Hepatitis C is a liver disease caused by the hepatitis C virus (HCV). Hepatitis C virus is one of the viruses (A, B, C, D, and E), which together account for the vast majority of cases of viral hepatitis all of which can attack and damage the liver. Widely viewed as one of the most serious of the five, the hepatitis C virus is spread primarily through contact with infected blood and can cause cirrhosis (irreversible and potentially fatal liver scarring), liver cancer, or liver failure.
HCV is a small, enveloped, single-stranded RNA virus of the family Flaviviridae which appears to have a narrow host range. Humans and chimpanzees are the only known species susceptible to infection, with both species developing similar disease. HCV is also organ specific. It only replicates in liver cells although it may be found in others.
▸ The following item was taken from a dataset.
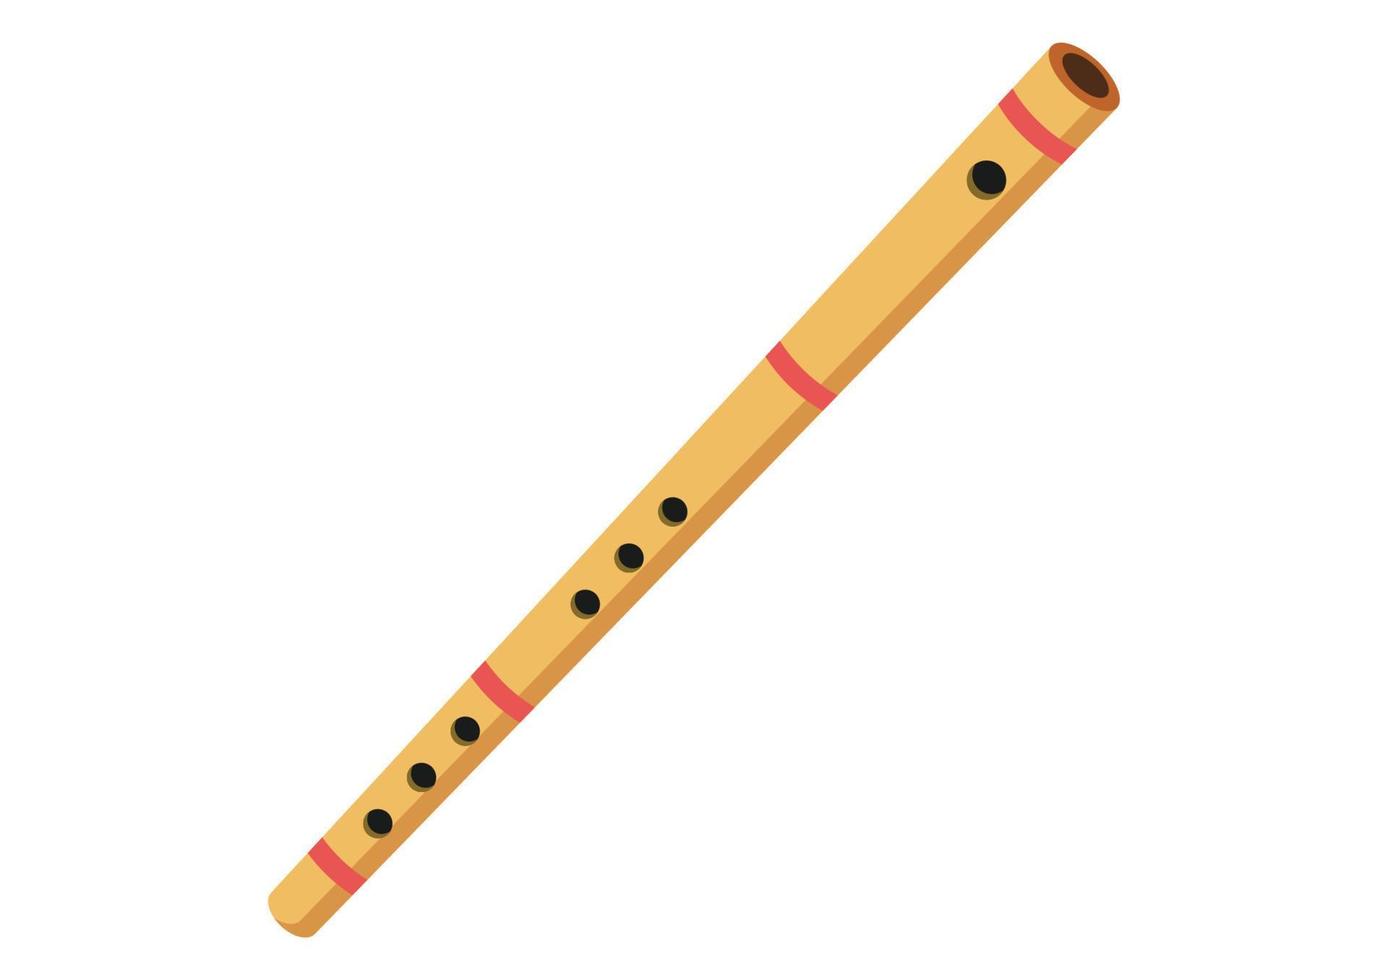 diseño vectorial de flauta de bambú. ilustración de vector de estilo plano de flauta de madera aislado sobre fondo blanco. concepto de instrumentos musicales clásicos antiguos. imágenes prediseñadas de flauta.

The hepatitis C virus replicates inside its host every 7 to 9 hours and typically produces about 1 trillion viral copies per day. Because the virus mutates rapidly, changes in the envelope protein may help it evade the immune system, which in turn is probably related to the high propensity (80%) of inducing chronic infection. There are at least 6 major genotypes and more than 50 subtypes of HCV. The different genotypes have different geographic distributions. Genotypes 1a and 1b are the most common in North America and Europe. Genotypes 2 and 3 are present in only 10 to 20 percent of patients. There is little difference in the severity of disease or outcome of patients infected with different genotypes. However, patients with genotypes 2 and 3 are more likely to respond to alpha interferon treatment.
Globally, an estimated 170 million persons are chronically infected with HCV and 3 to 4 million persons are newly infected each year.